President Nana Addo Dankwa Akufo-Addo in March this year announced the 50 percent basic allowance pay rise for the health workers for the months of April, May, and June as part of Ghana's COVID-19 response package.

The package was, extended for three additional months as Ghana continues to battle the respiratory disease which has infected more than 17,000 people in the country.

In one of his televised addresses, Nana Addo, categorising who a frontline health worker has been difficult, said "I have been assured that they have been resolved and payments will be effected from the end of June."
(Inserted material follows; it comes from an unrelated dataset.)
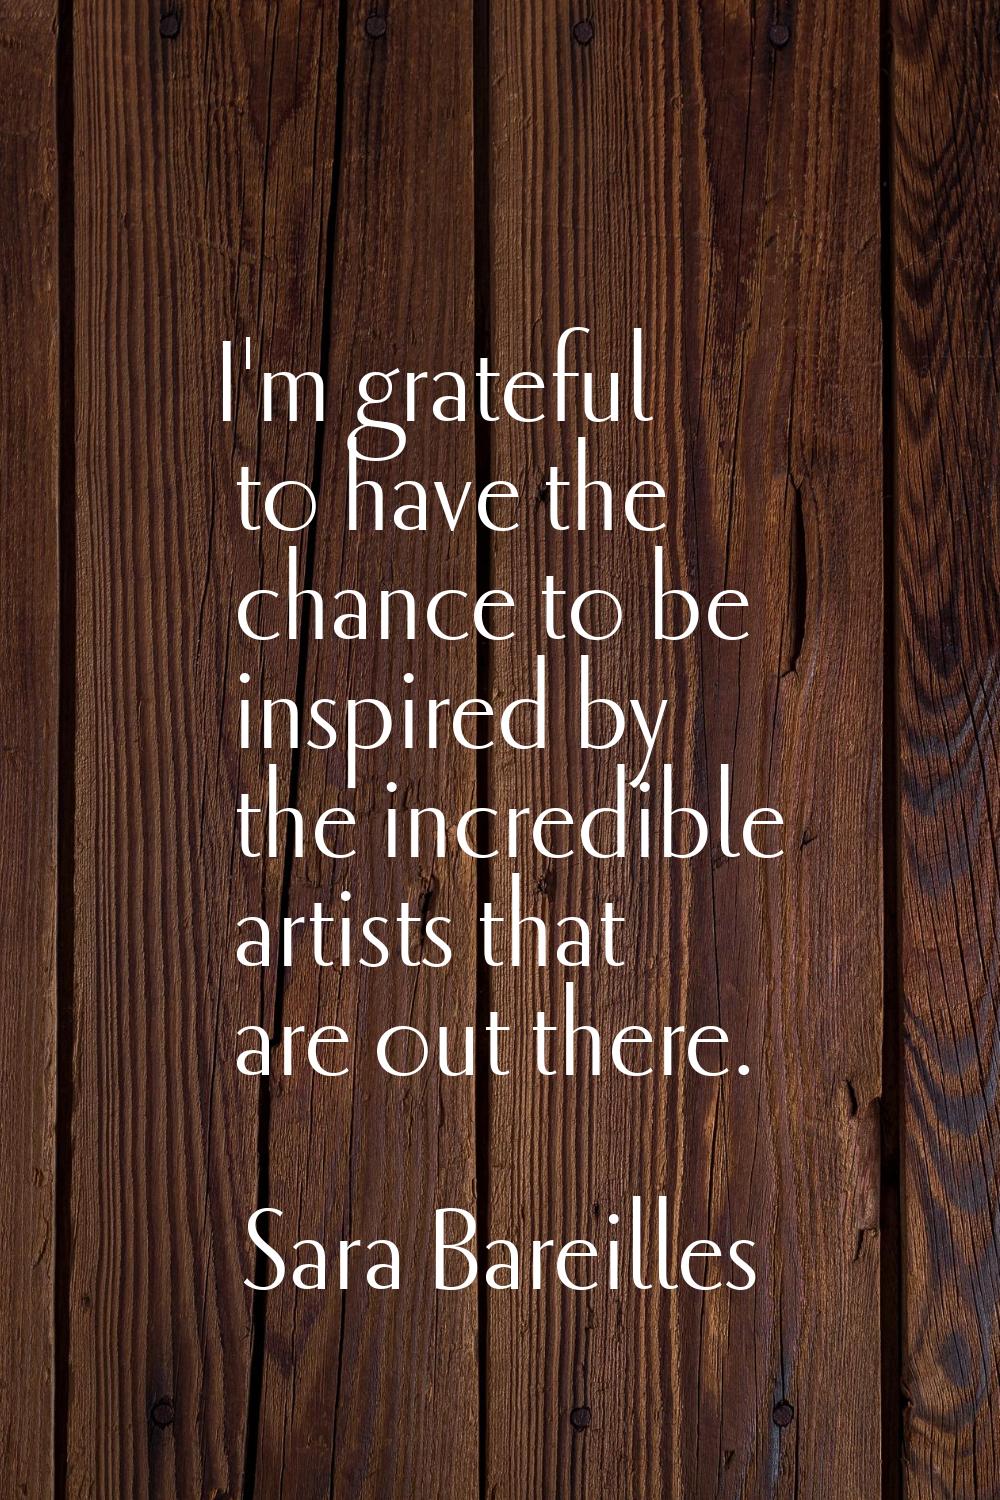 I'm grateful to have the chance to be inspired by the incredible artists that are out there.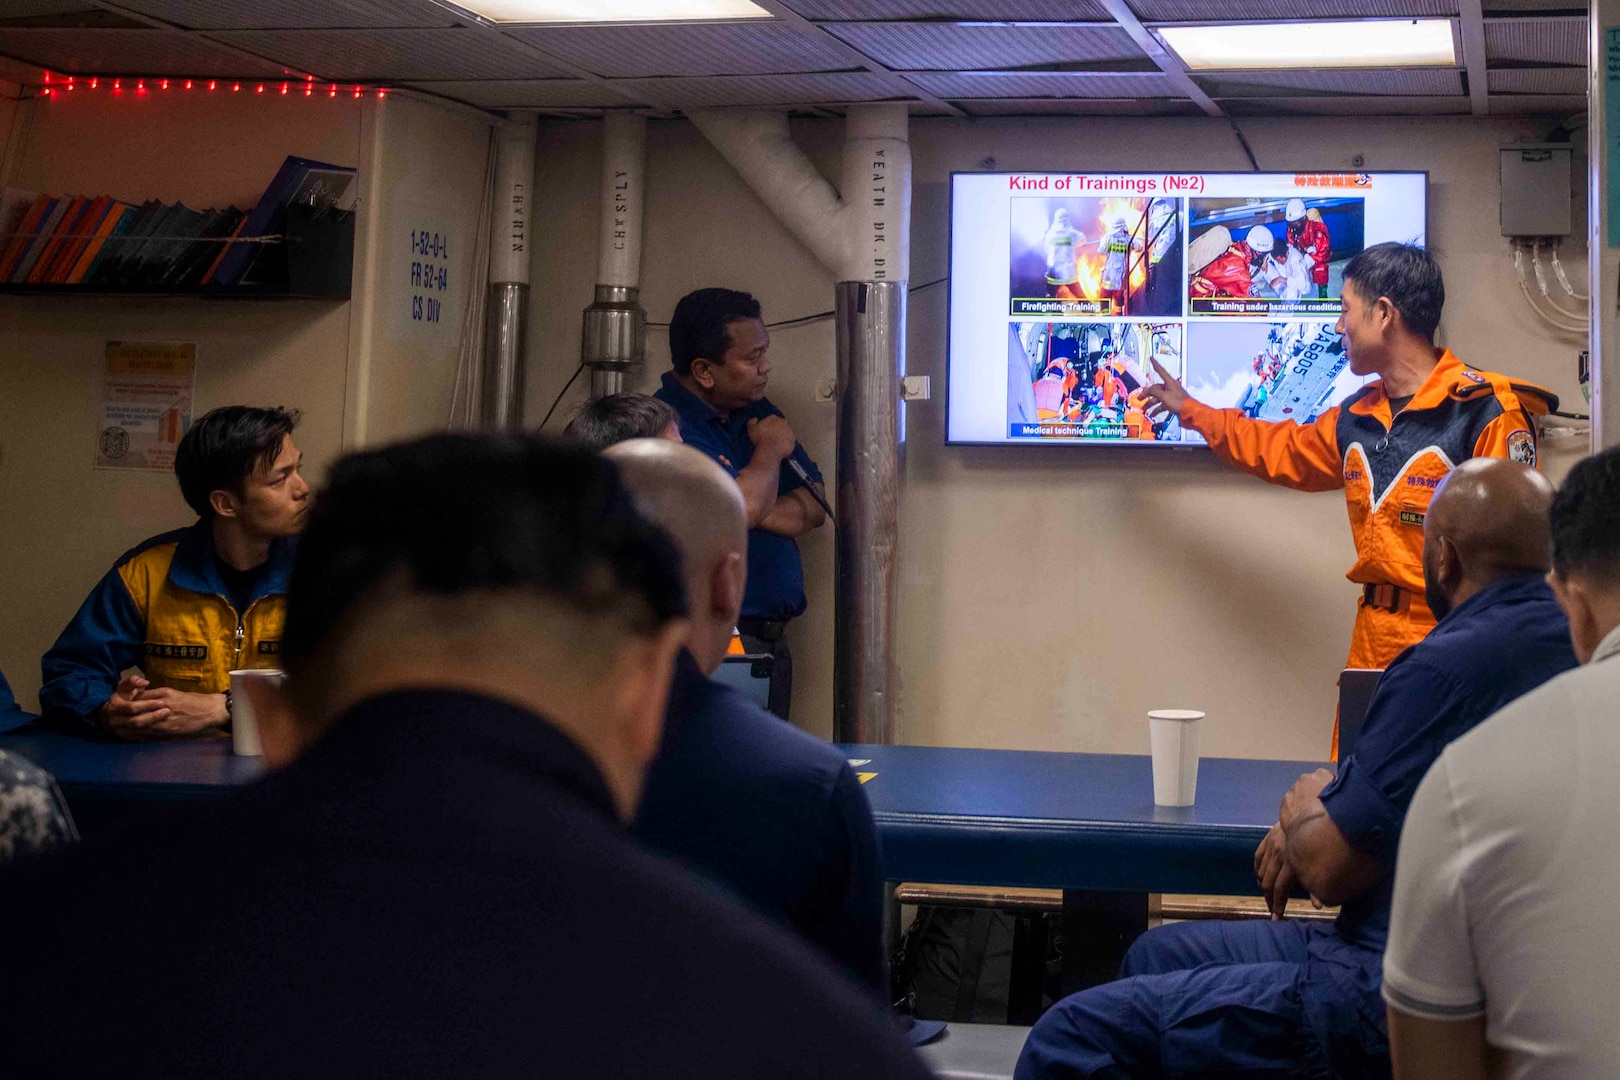 Members of the Japanese Coast Guard give training to members of the Republic of Singapore Navy, members of the Singapore Police Coast Guard, members of the Malaysia Maritime Enforcement Agency, and Sailors onboard U.S. Coast Guard Cutter Bertholf (WMSL 750), March 3. Bertholf was in Malaysia for a multiple day engagement to engage in professional subject matter exchanges with regional partners and allies and will patrol and operate as directed during their Western Pacific deployment. (U.S. Navy photo taken by Mass Communication Specialist 3rd Class Charlotte Duran)

The President also announced a daily allowance of GH¢150 to all contact tracers.

READ MORE: Nana Addo and family tested negative for COVID-19; all frontline personnel being tested

Kwaku Agyeman-Manu in an interview with Citi News said it has started paying allowances to the frontline health workers.

He said "We had meetings with the Christian hospitals, the quasi institutions, and every terrain of the hospital sector. We met with their leaders and the associations as well, and they were demanding that we should pay them. We told them that we didn't even have the budget to go that far so we asked them to bring in a list of those that were at the forefront of fighting the disease because in some places we haven't encountered any COVID case in some facilities, meaning they are not frontline persons."

"And that is what has delayed the payment, but we have started paying and we have even presented a document to Parliament to tell them how we are managing it. I know for sure that not all will be satisfied but we are still dialoguing and engaging them. From time to time we see new groups coming up, even those who buried the few that have died are also coming in with demands," he added.